Problem =
Nothing but the lines from the first line of the material below through the line that holds "Hero Ram Karthik" should be set down, exactly and with pictures left out.

Data block =
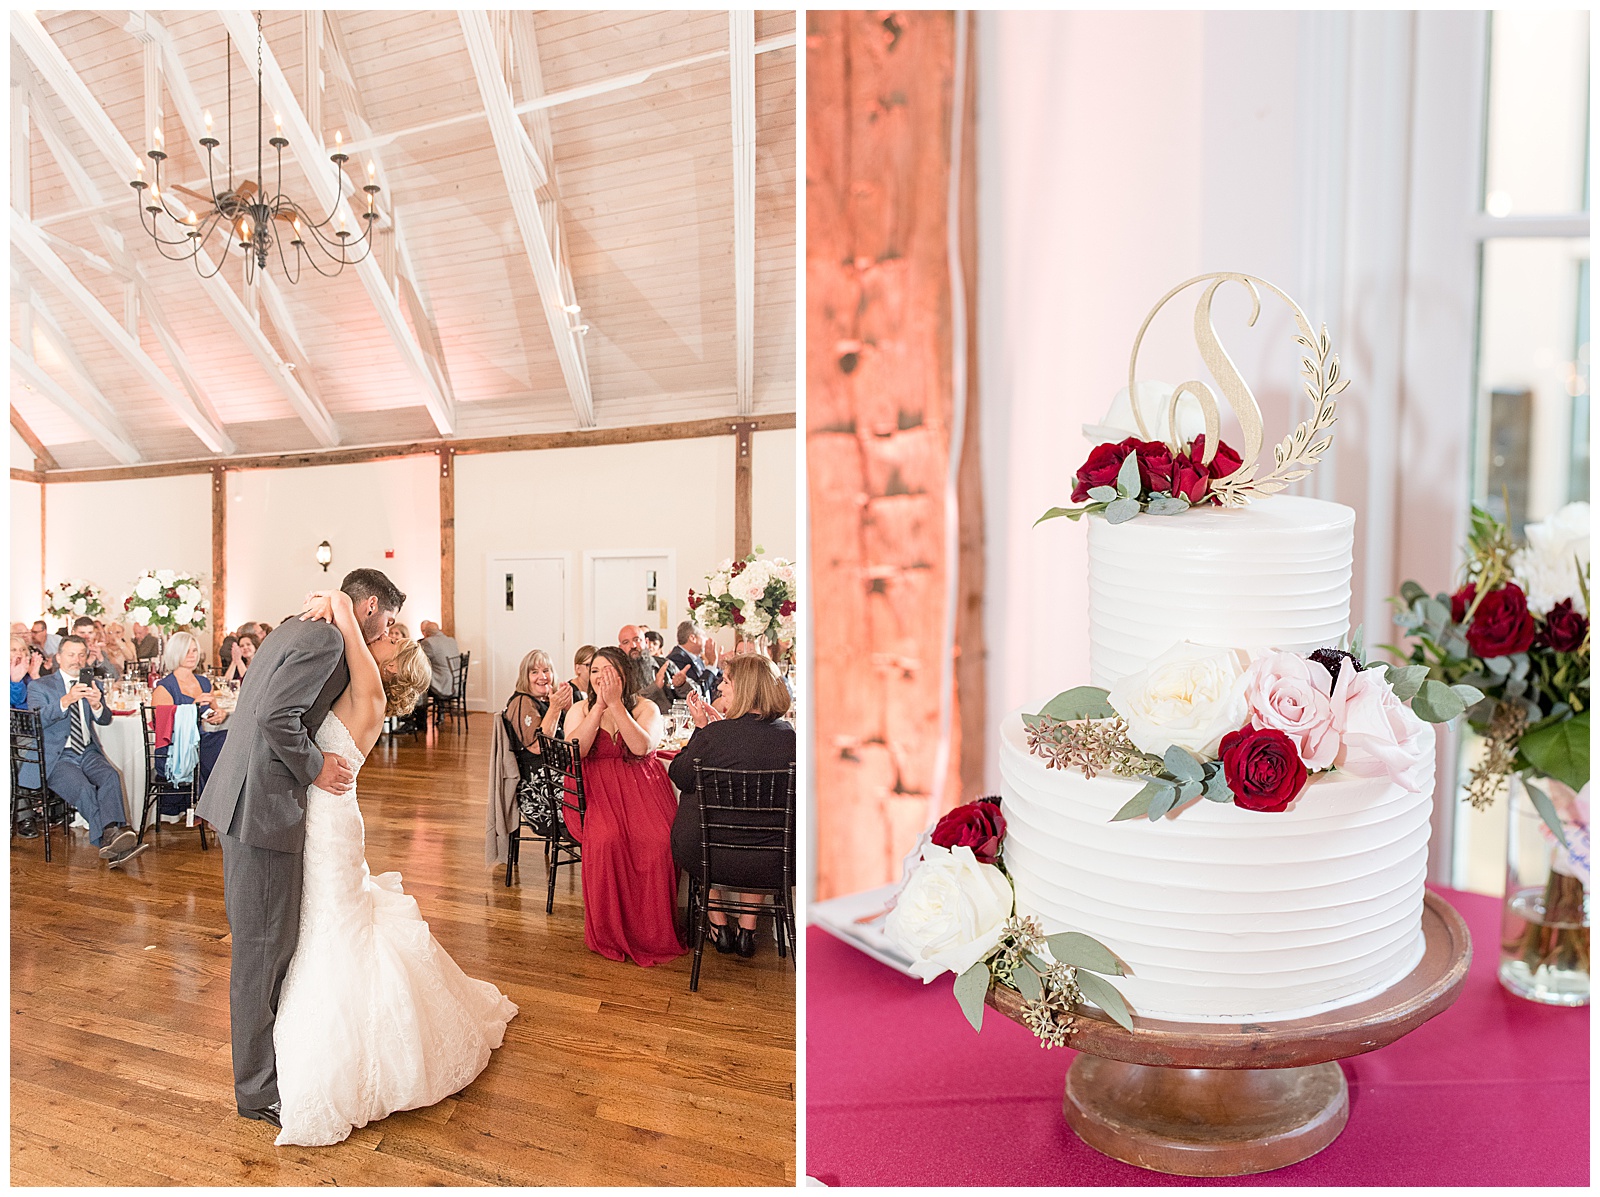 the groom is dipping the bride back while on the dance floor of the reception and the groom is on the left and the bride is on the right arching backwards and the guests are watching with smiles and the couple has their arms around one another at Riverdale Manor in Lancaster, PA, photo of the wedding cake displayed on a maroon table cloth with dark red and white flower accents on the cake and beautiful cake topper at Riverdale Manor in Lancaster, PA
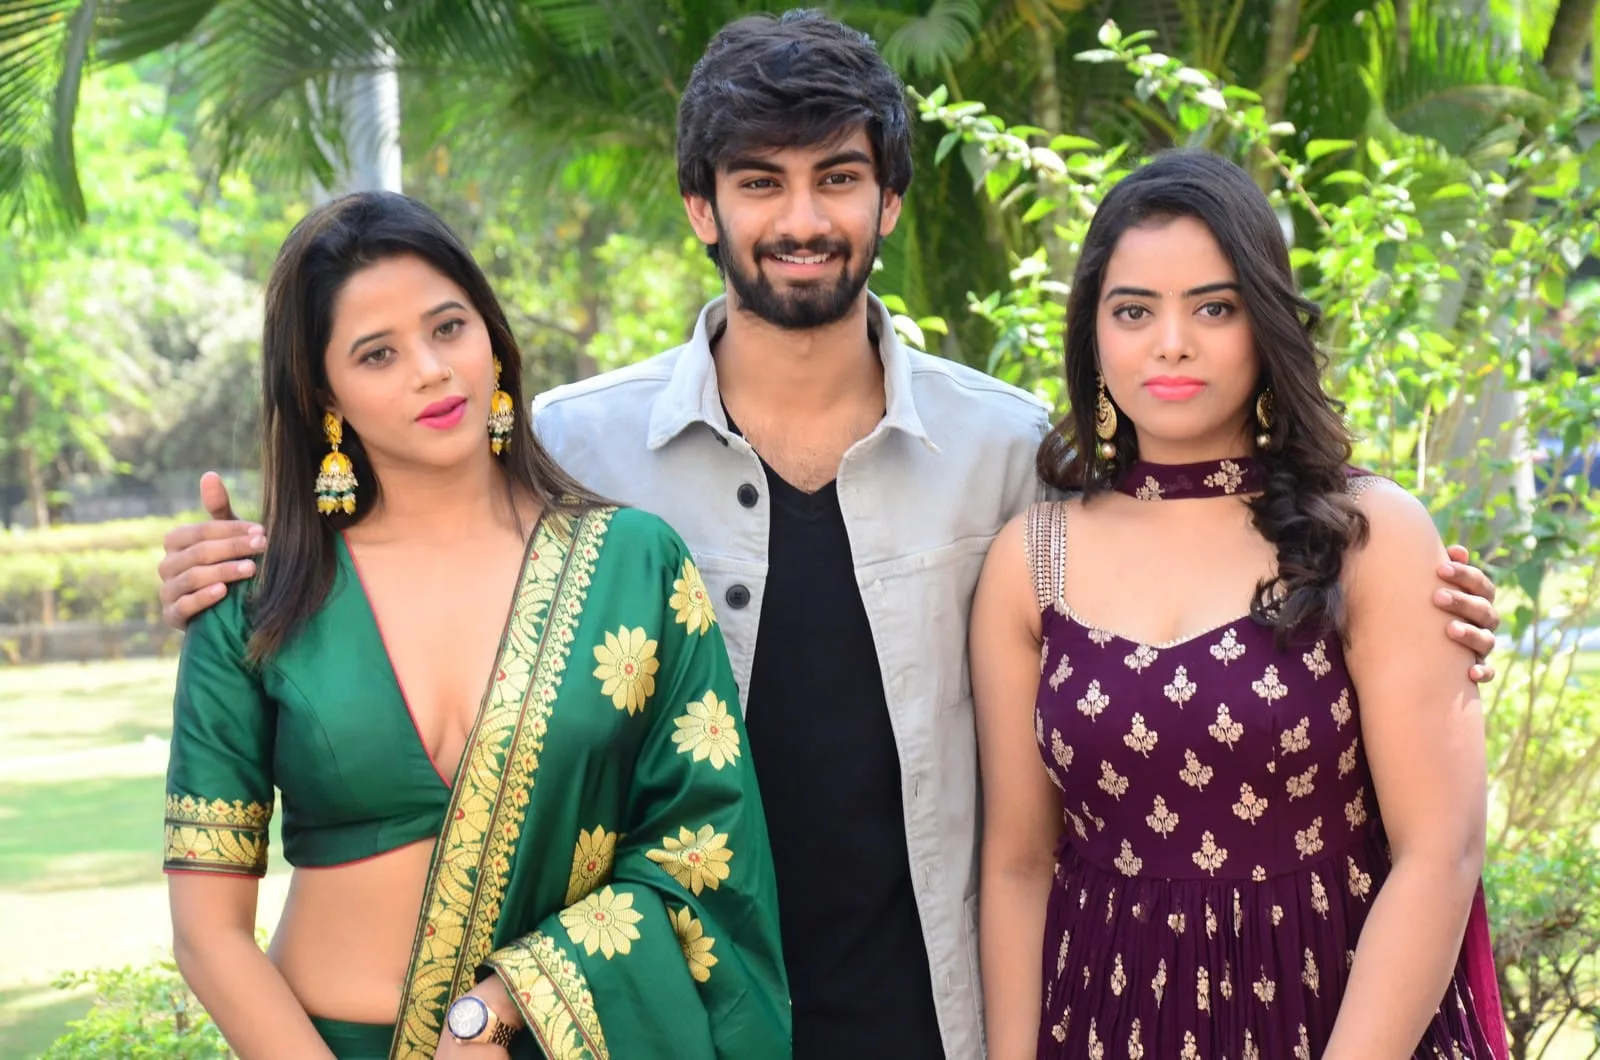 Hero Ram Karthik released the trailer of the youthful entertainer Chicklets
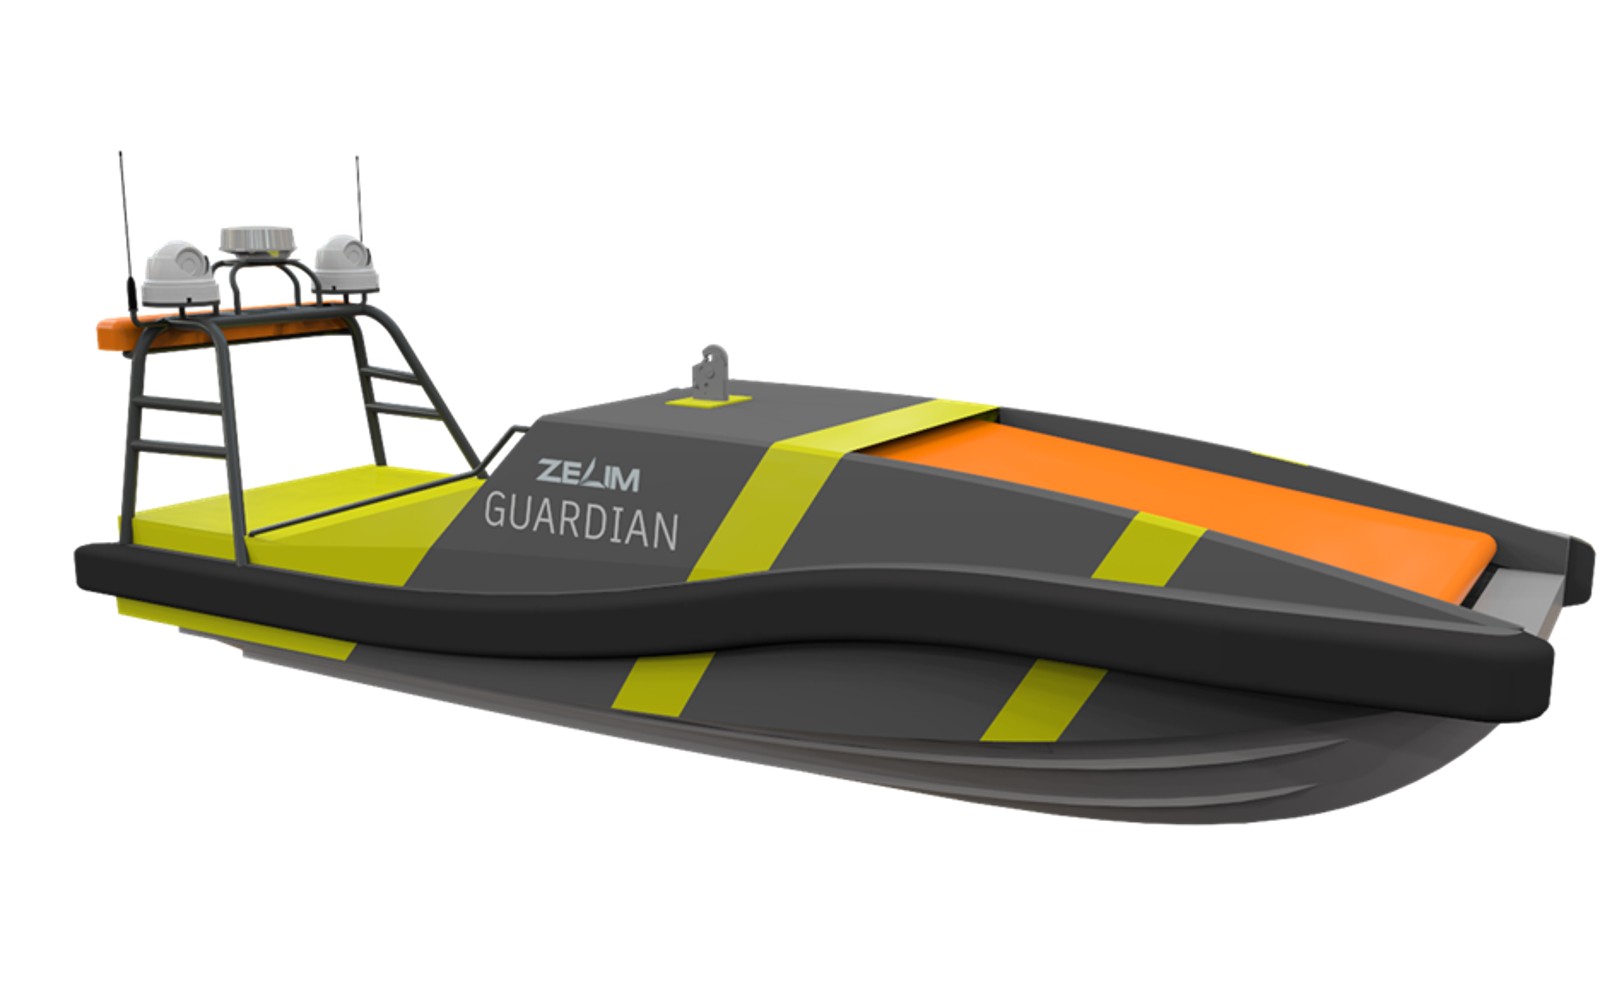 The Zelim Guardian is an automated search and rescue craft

Answer for the task =
 the groom is dipping the bride back while on the dance floor of the reception and the groom is on the left and the bride is on the right arching backwards and the guests are watching with smiles and the couple has their arms around one another at Riverdale Manor in Lancaster, PA, photo of the wedding cake displayed on a maroon table cloth with dark red and white flower accents on the cake and beautiful cake topper at Riverdale Manor in Lancaster, PA
 Hero Ram Karthik released the trailer of the youthful entertainer Chicklets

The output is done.